Leave every picture out, then reproduce the rest of the listing exactly.

| Information shown |
──────
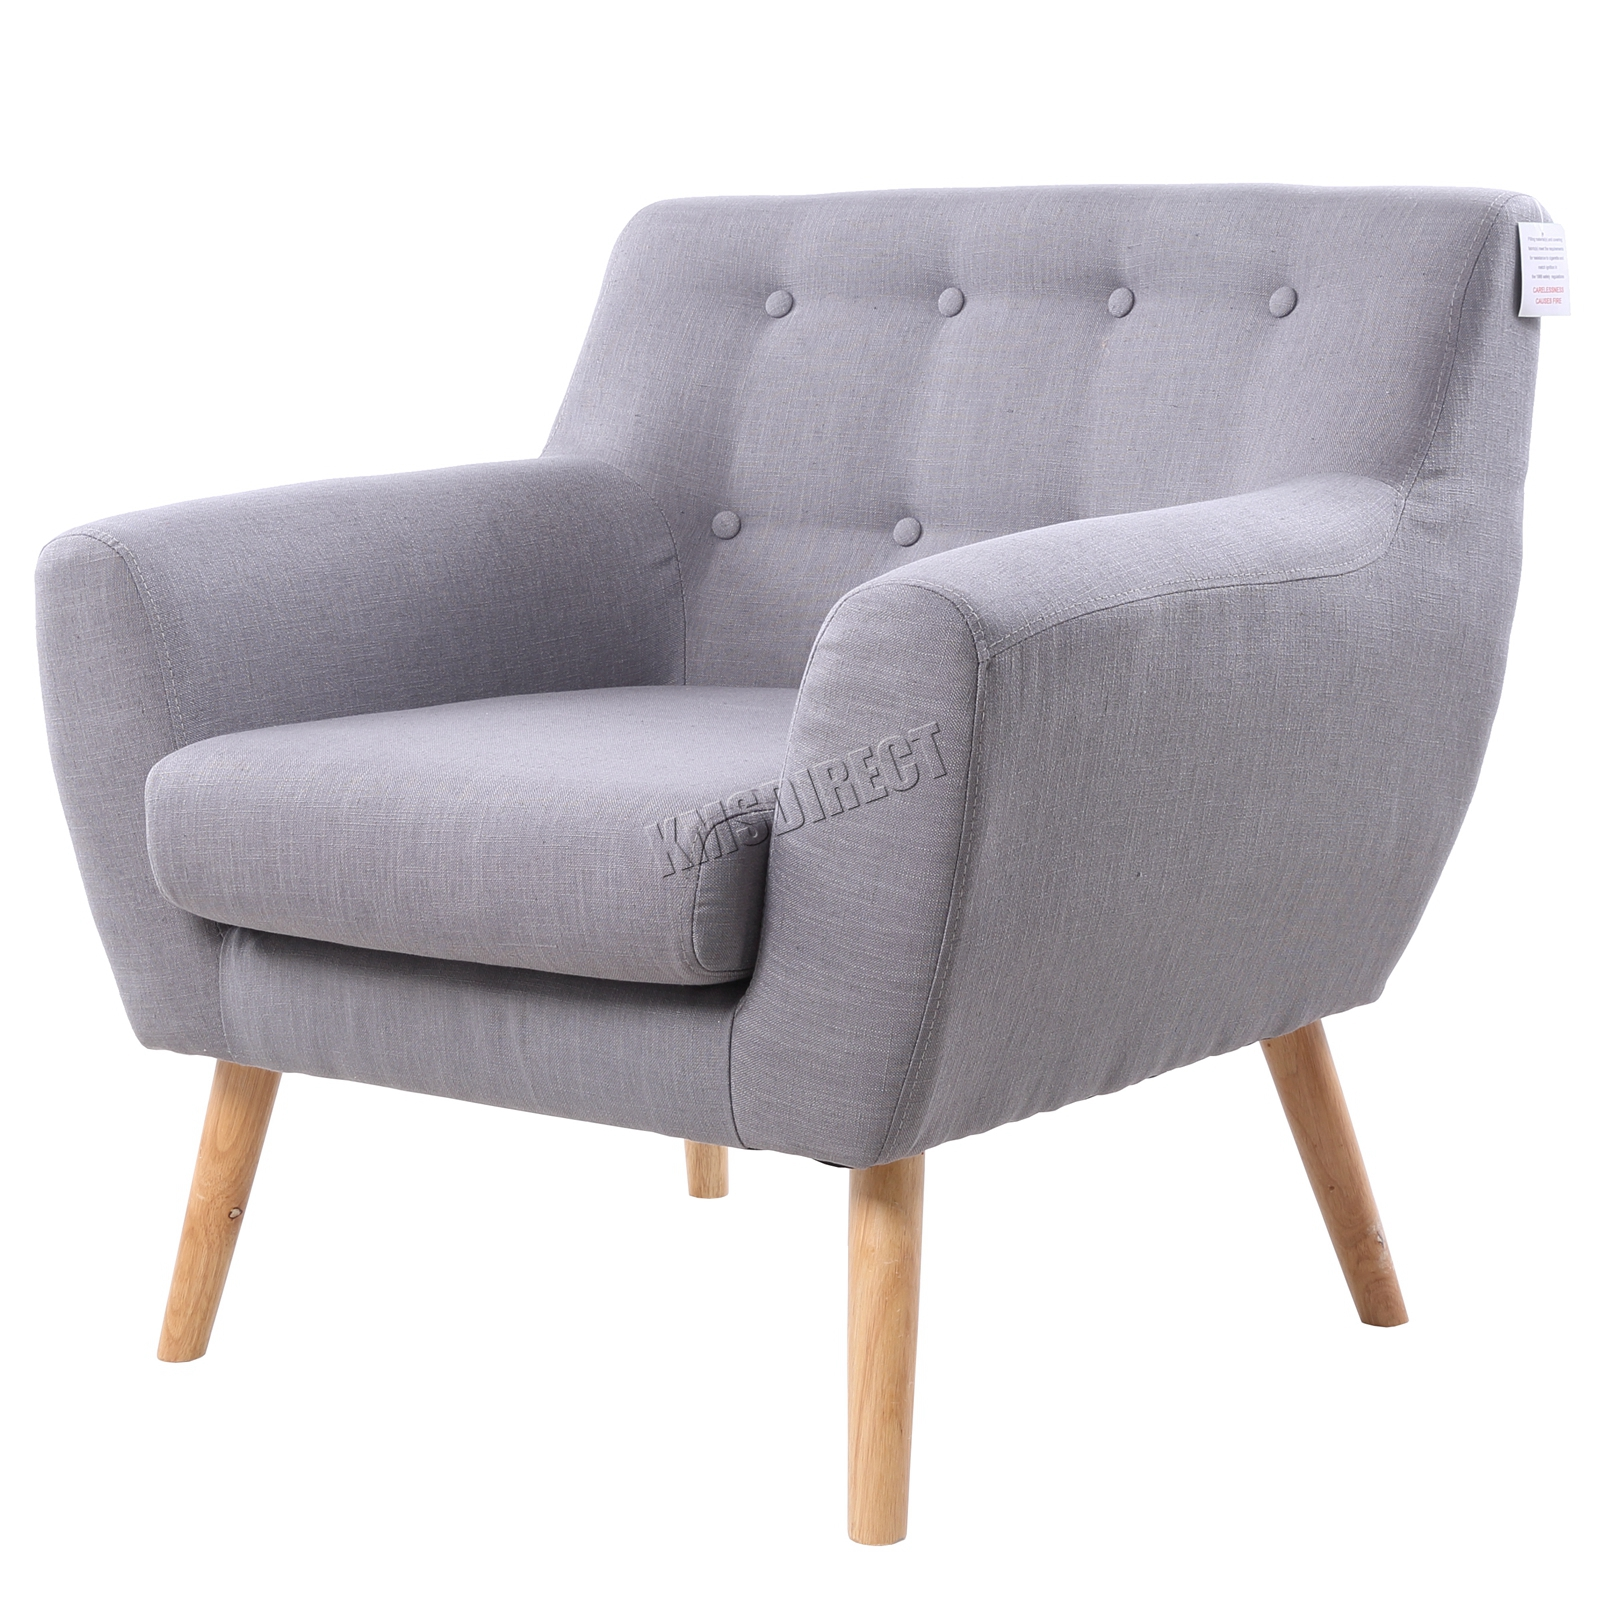 chair stool sofa ergonomic under 200 foxhunter linen fabric 1 single seat tub arm
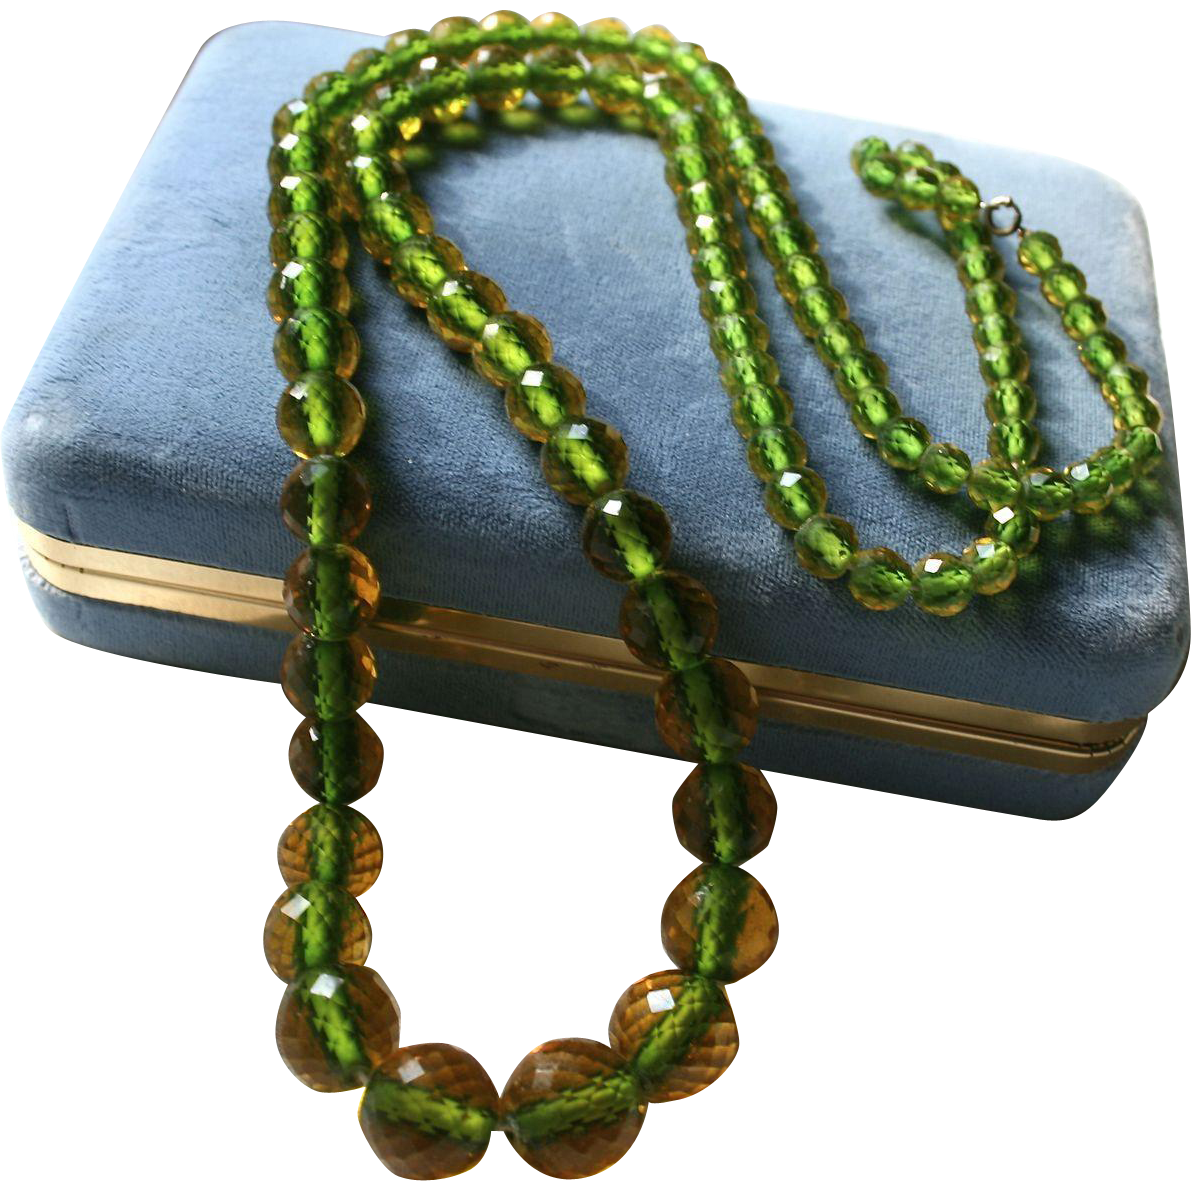 Rare Art Deco Era Cut Faceted Crystal Bi Color Beaded Necklace From Randomharvest On Ruby Lane
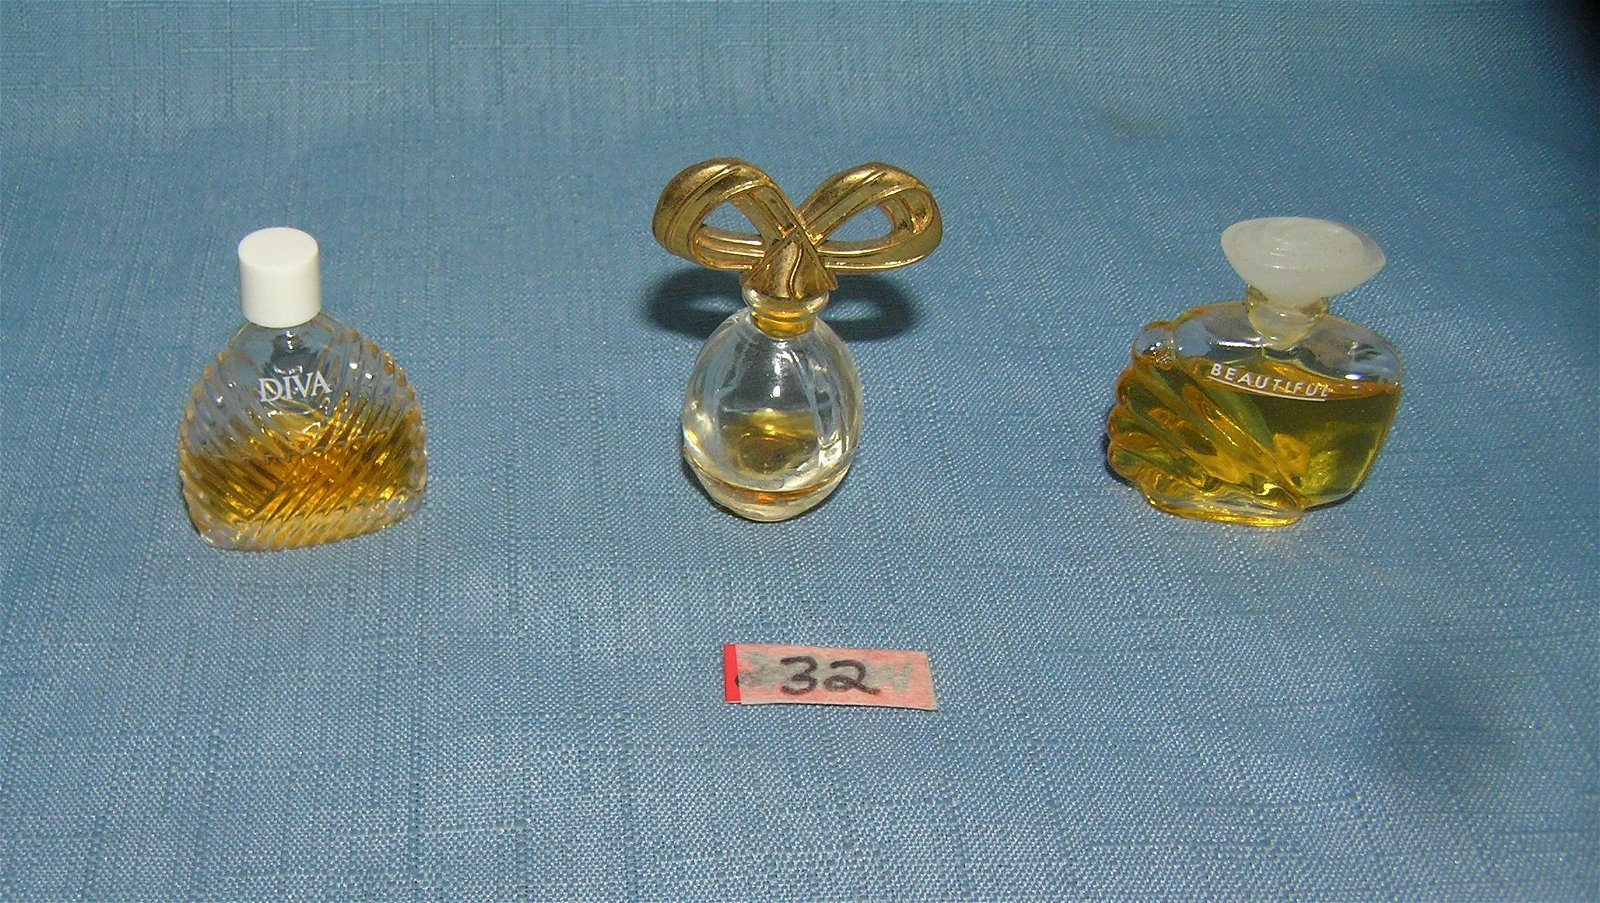 Group of miniature perfume bottles
──────
| Response area |
 chair stool sofa ergonomic under 200 foxhunter linen fabric 1 single seat tub arm
 Rare Art Deco Era Cut Faceted Crystal Bi Color Beaded Necklace From Randomharvest On Ruby Lane
 Group of miniature perfume bottles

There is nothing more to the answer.